Hi Thornton – I’ve never read this expression – to bei candid – it remembers me the studies at Sorbonne IV in Paris, about 38 years ago . wow;) – and as adult, how you do NOT operate as an adult? and with framework, do you mean about respect?
((after more than 3 years – THANK YOU – I wanted to leave your blog – and with just one link to one of your articles on linkedin I made more than 120 views -) respect – all the beat to dear Dan. ))
Sometimes, managers operate in the parent-to-child framework–treating the employee or co-worker like a child—not good. Yes, the adult to adult framework implies respect, speaking as equals, etc.
Thanks Paul. Your point is well taken. Assume that the person you are speaking with is an adult. In some ways, I find the parent-child approach arrogant and degrading. If we want to use a family metaphor perhaps brother/sister or parent to parent works better.
I look forward to learning the “rest” of the story, Dan…
Thanks Christopher. My rough draft went way over 300 words… 🙂
Looking them in the eyes, hand shakes and seeing them in person, as you have known them all your life! Keeping things honest and sincerely spoken develop a connection, that may last a lifetime. You don’t have to dig or pry, keep things open, yet private if need be.
Thanks Tim. This collection of small behaviors makes so much difference. A pat on the shoulder is another form of touch that might make sense.
I’m finding that simply caring about people and being curious is the way to practice kind candor.

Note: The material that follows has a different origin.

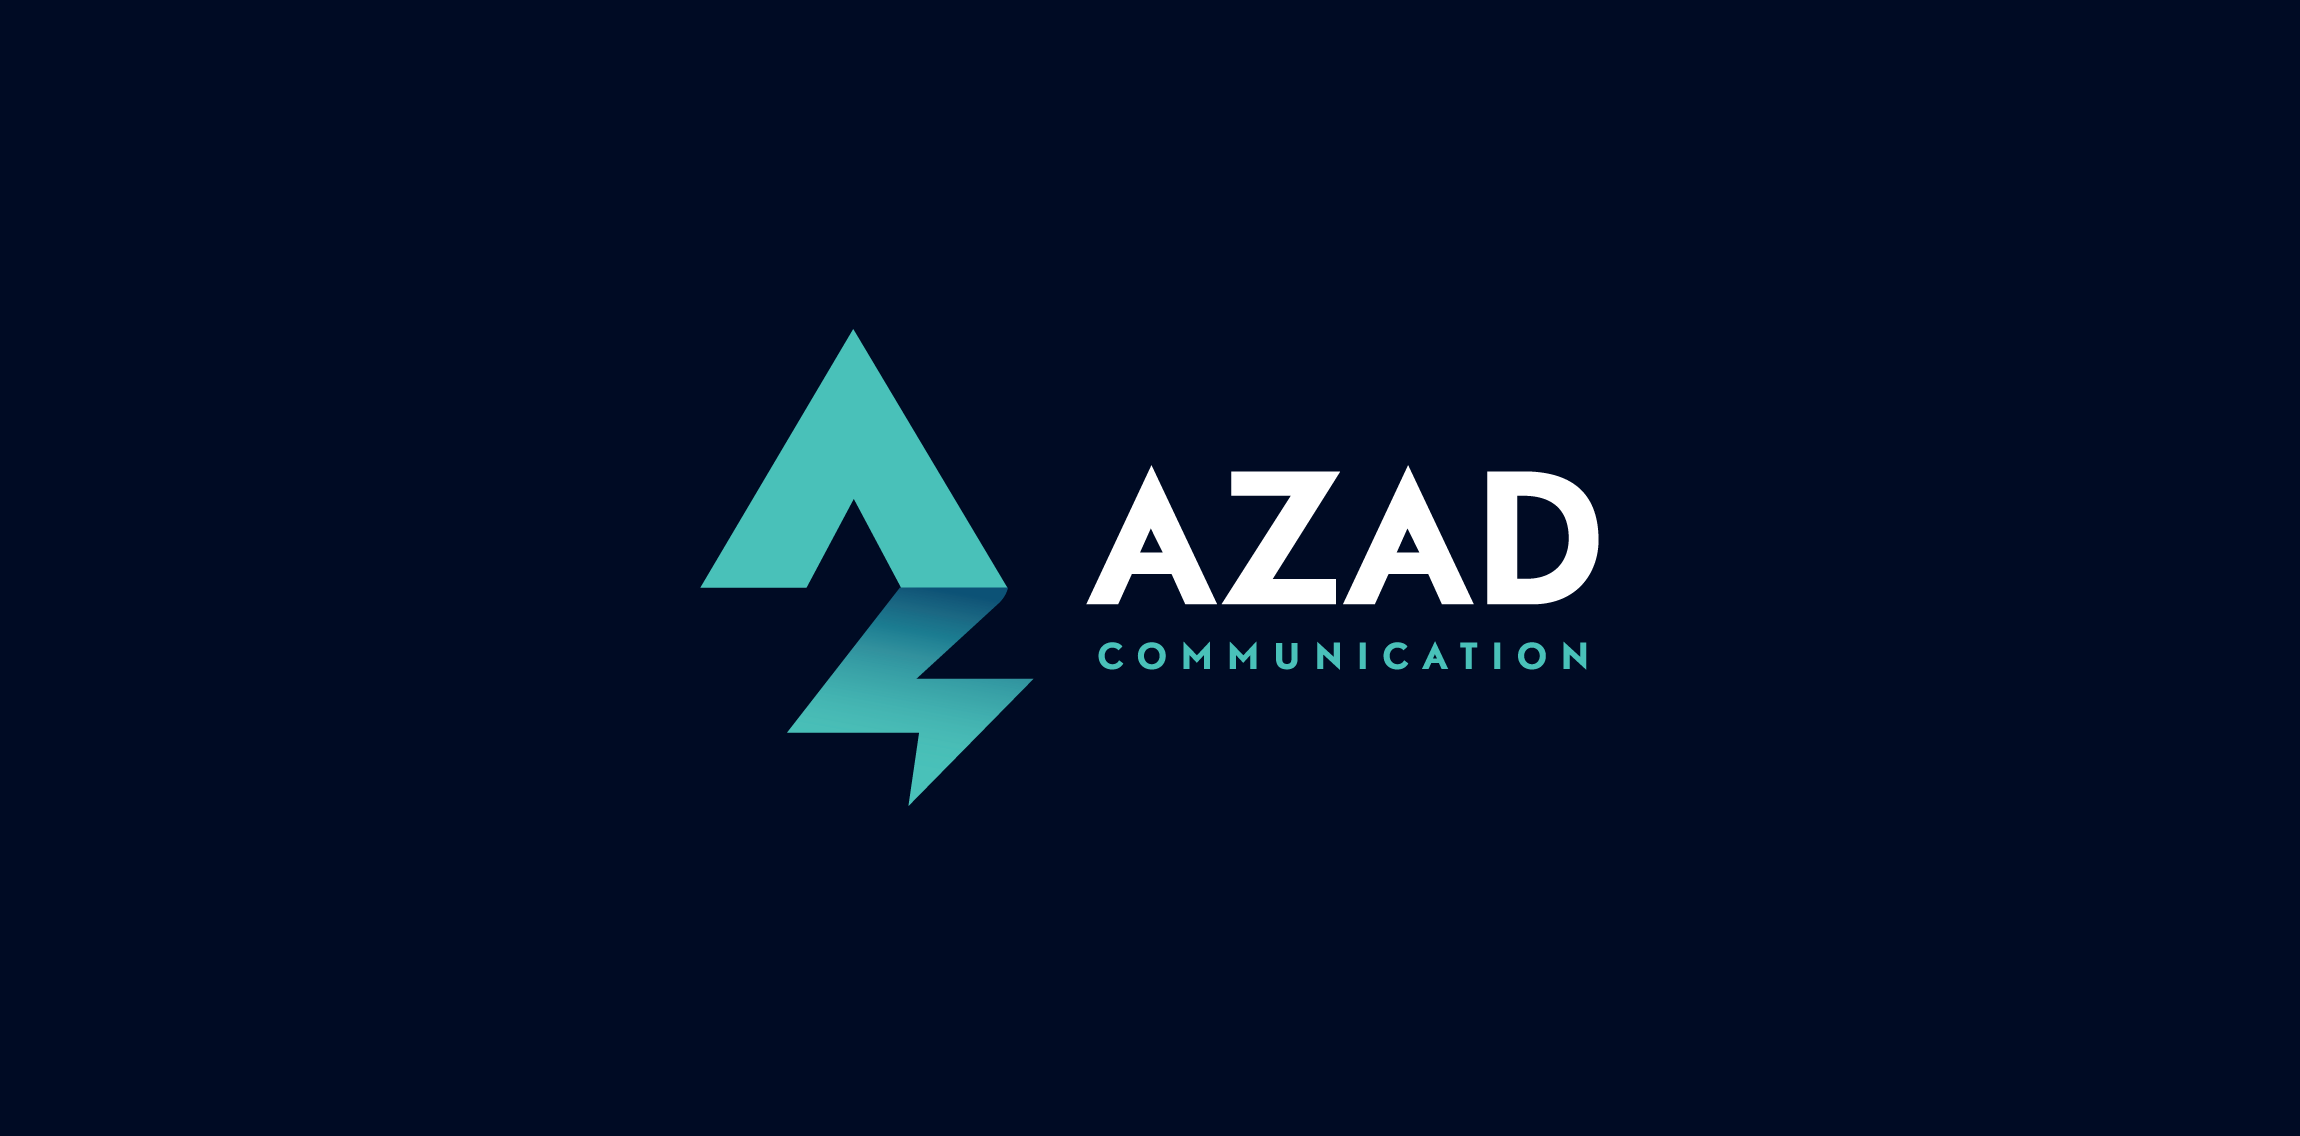 Azad Communication

Yes Dan, look at us 10 years, seems like a lifetime! 🙂
“It might hurt people’s feelings” I found that my caring candor was hurting members on my teams feelings. I learned that from one of my team members six months later after they got to know me and were thanking me for my candor. After that, every time I had a new team member, I would tell them “I like to be very straight forward with my team, don’t think that every time I am straight forward with you, I am mad at you. How about this if I am mad at you, I will tell you I am mad at you in a very calm tone. If I don’t tell you I am mad at you, fix it and move on, don’t waste any more time wondering if I am upset with you.” My team found that very helpful. It helped for better communication and less time was wasted on drama.
I have found that when approaching a topic that it helps to bring the individuals opinion into the conversation. Like, I need you help with something,I am having some concerns regarding how we are doing on this… any thoughts?? Then we start into the “meat ” of the matter.
Basically allowing/ helping the individual “solve” his own issues.
I believe that candor is something that is critical in leadership. It all starts with relationships. If we as leaders take the time to understand our team members, learn about them, be open to their communication style, and want to see them succeed all right from the start of a relationship, when candor is needed down the road they will know it comes from the right place and intention. We as leaders play a role in how people hear and understand what we say.
Love the simplicity and speed of the posts!
Candor is an essential attribute of any effective conversation and without it nothing can be decided that will have a positive lasting impact.